Dave had placed the chairs around the farm table and the look blew my mind.
The woods, patinas, and styles played perfectly off each other and hit a note of design accord.
The set sold the next week.
The Regency dining chairs and Cypress farm table were great stand alone pieces, but when matched together the look was flawless.
Dave the Builder and I were drinking coffee one evening and found our conversation focused on a recent buying trip.
Authentic antique farm and harvest tables are becoming more scarce and prove difficult to locate.
Artisans, custom wood and furniture makers, and DIY aficionados are rising to the occasion to produce gorgeous interpretations and meet demand.
Dave the Builder has built farm tables for 4 of our clients.

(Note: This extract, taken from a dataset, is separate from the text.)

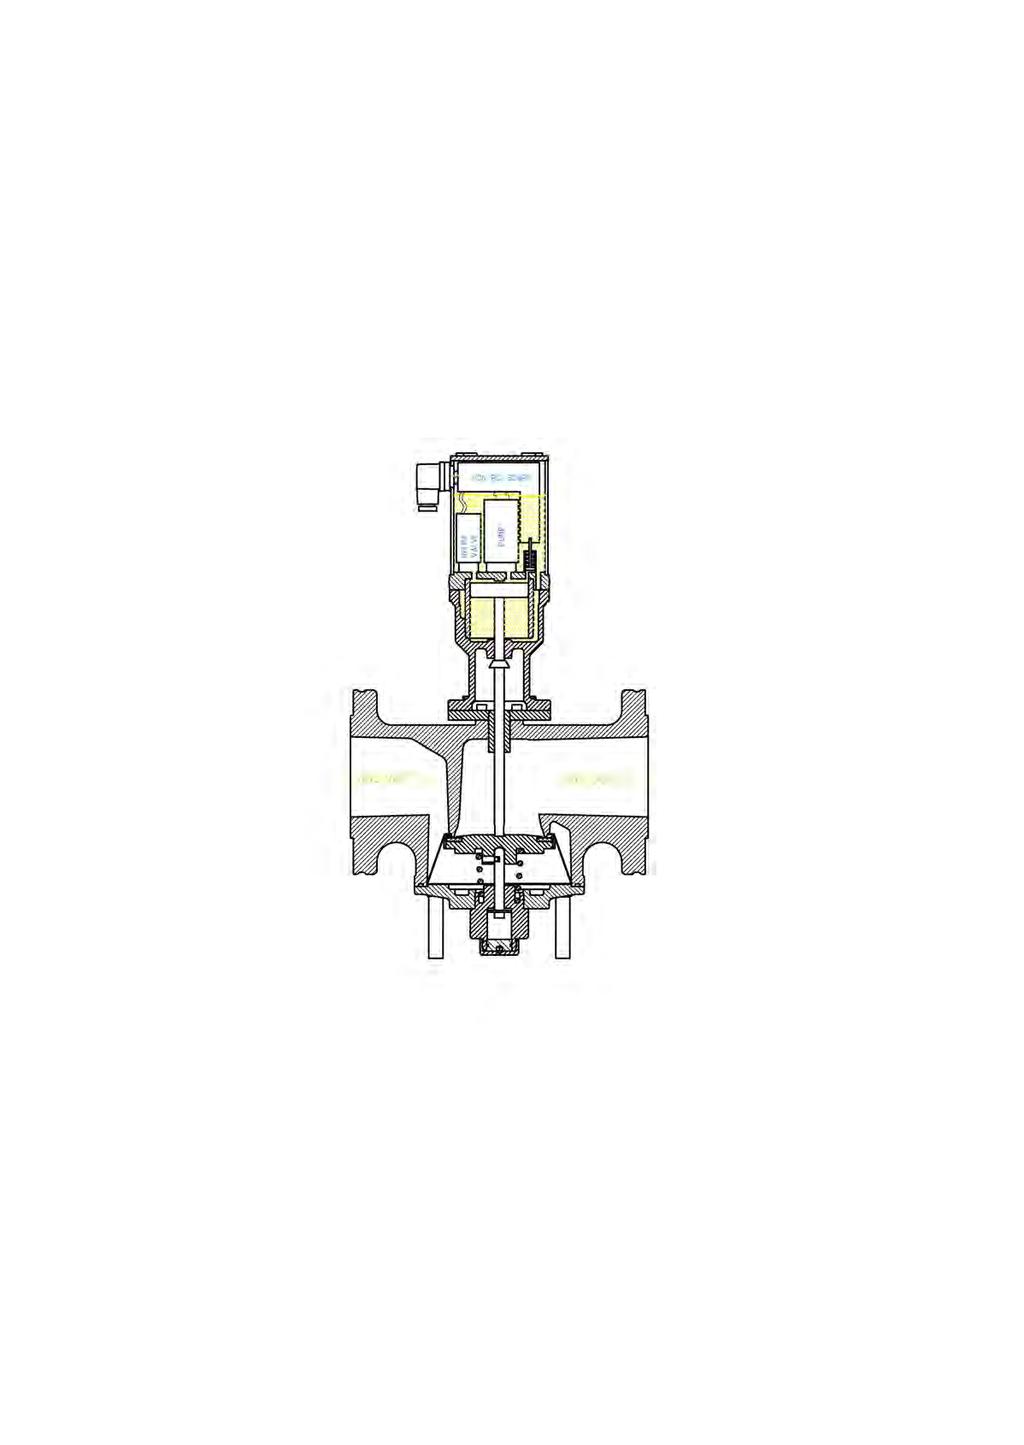 Functioning and application The VMH type valve is a safety shutting device using auxiliary power supply. When it is de-energized, the spring pushes on the seal disc, keeping the gas passage closed.

Our school of thought is to introduce a new twist on an old way of doing things.
One custom table was built from Victorian square grand piano legs and Louisiana reclaimed Cypress planks.
He dry brushed the piano legs with paint to match the patina of the Cypress.
The table now resides at a cattle ranch in West Texas.
Talk about formal meets primitive!
The table featured below is the most current one he has built.
We purchased the antique legs and married them to our first choice, Louisiana reclaimed Cypress planks.
The patina is achieved with a two step process.
He begins with a dark stain application until the desired patina is reached.
The formal introduction was complete upon returning from a friend’s antique shop with the finest set of six formal white washed wheat back rush bottom dining chairs.
A designer friend scooped the set up for a client.
The chairs did not stay in the shop long enough for me to photograph.
I like that!
The final step is the trick.
We recommend and use Johnson Paste Wax. Available at hardware and home improvement stores, Johnson Paste Wax gives furniture a safe, hard, and protective finish with a soft luster.
Don’t be afraid to blend formal with primitive pieces.
The contrast surprises, complements, and is easily capable of becoming the focal point of the space.